\name{readBestData}
\alias{readBestData}
 
\title{Reads a text version of the Berkeley Earth Temperature data
 
}
\description{Berkeley Earth Surface temperature data is provided
 in text file format. The Temperature data is provided in a long
 thin file with missing months removed. Thus function will read
 that data and return one of two data structures: either a matrix
 with all data columns present or a 3D array of the temperature
 data. This array structure is the principle data structure used
 by the RghcnV3 package.
 
}
\usage{
readBestData(Directory, filename = "data.txt", output = "Array")
}
 
\arguments{
  \item{Directory}{ The full path to the directory holding the datafile
 
}
  \item{filename}{ the filename of the data. This defaults to the name
  given by the Berkeley group
 
}
  \item{output}{ setting this variable will control the data that is returned
   if "Array" is selected a 3D array is returned. If 'All' is selected then
   the adsition data such as number of observations is returned
 
}
}
\details{Berkeley earth data is presented in a 6 column format. The first
 column is the station Id ( 1- n), the second column is a series number.

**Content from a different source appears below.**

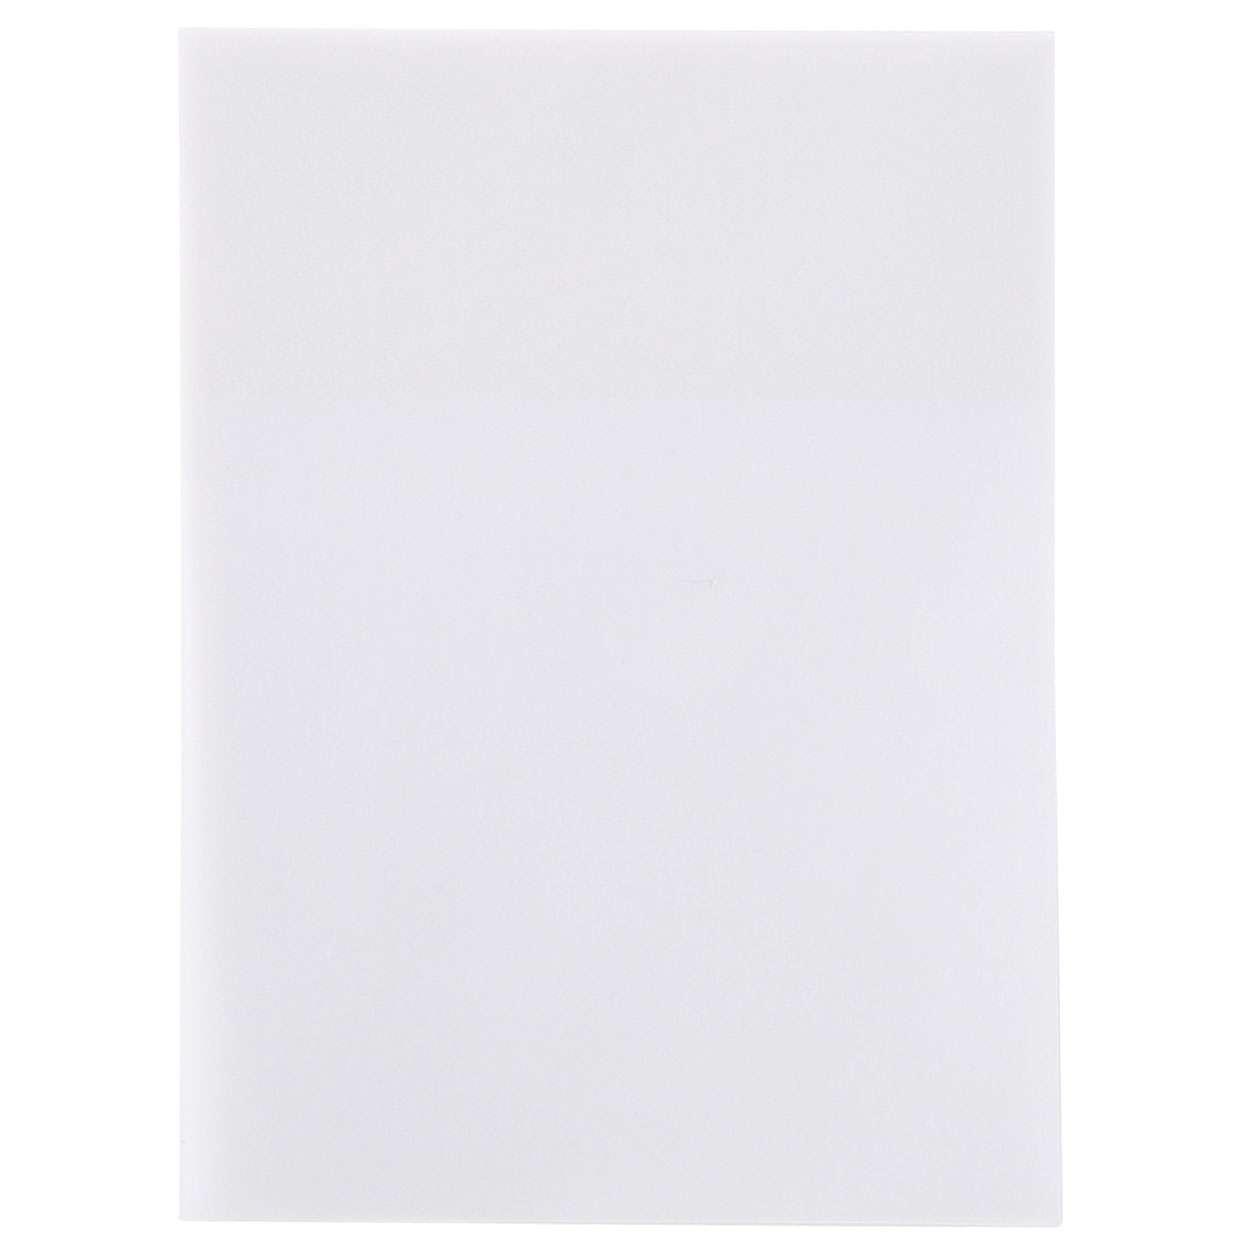 貼ったまま読める透明付箋紙 約70×95mm・20枚   無印良品ネットストア

 Some stations can have more than one series making up their history.
 The third column is the date. The date provided by Berkeley is the
 middle of the time period for the data. So for monthly data the middle
 of the month is used. 1950.042 is thus jan 1950. The fourth column
 is the uncertainty, the 5th is the number of observations and the 6th
 is the time of observations. Missing months are not represented in the data.
 If you specify output ="All" when calling the function you will get back
 a matrix with six columns. Every row is a station record. 

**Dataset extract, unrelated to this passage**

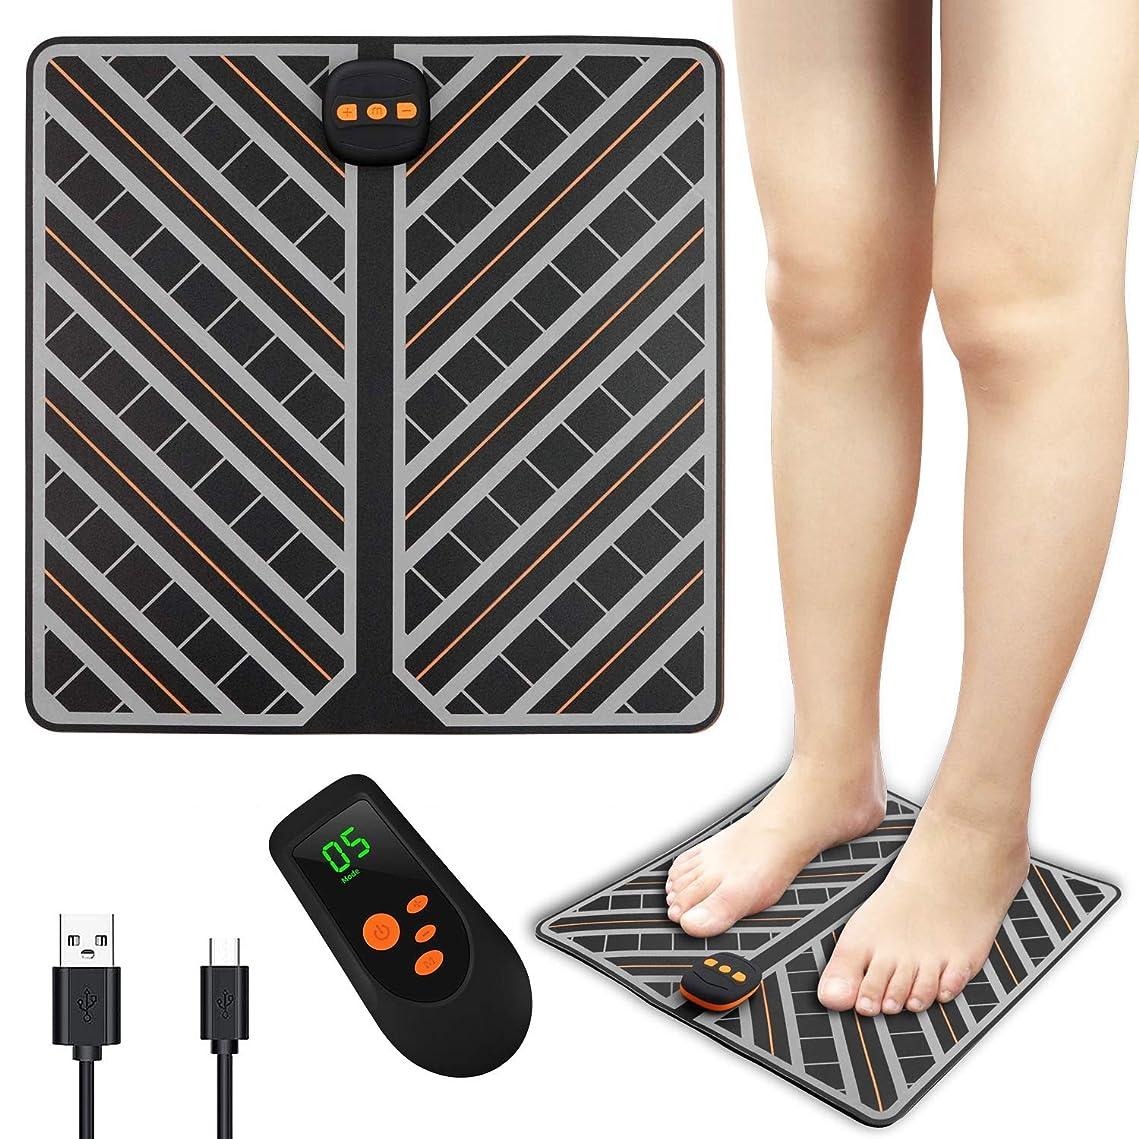 うそつき冊子類人猿足のマッサージトマッサージャーフットレッグマッサージUSB充電EMSレザー導電性シルバーペースト、リモートコントロール、神経痛およびけいれん緩和

 If output = "Array", then the function will create a 3D array: The first
 dimension is the station Id, the second dimension is the month, and the
 3rd dimesion is the year. This data structure is compatible with RgchnV3.
 With this structure every station is padded out to have missing data or
 NA where there are missing months. This allows you to extract data from
 the array and create a time series object effortlessly. RghcnV3 also
 has function for turning this array structure into a multiple time series
 object: \code{asMts}
  
 
 
}
\value{ The returned value depends upon the slection for \code{output}.
 If output = "Array" a 3D array of the temperature values is returned.
 Because the stream of data is remapped to a large 3D array, this can
 take a few minutes. It also comsumes a large amount of memory. The
 other option is to set output ="All". This will return a six column
 matrix of the data. In this case the user will have to decide their
 own method for creating time series from the data. Missing months
 and missing days are not present in this data and one has to figure out
 which months and days are missing. The 3D array is contructed with complete
 dimnames; The first dimension is the station Id, second dimesion is
 months and the third dimension is years.
 
}
\references{ See the readme assocationed with this file. All readmes
 are included at the beginning of the datafile
 
}
\author{Steven Mosher
 
}
 

 

 
\examples{
 \dontrun{
  require(RghcnV3)
  Data <- readBestData(Directory = "Sample", filename = "data.txt", output ="Array")
  Data <- windowArray(Data, start = 1900, end = 2011)
  Data <- removeNaStations(Data)
  StationIds <- getStations(Data)
  SampleTs <- ts(Data[1, , ], start = min(as.integer(unlist(dimnames(Data)[3]))), frequency =12)
  
 }
}
 
\keyword{ datainput }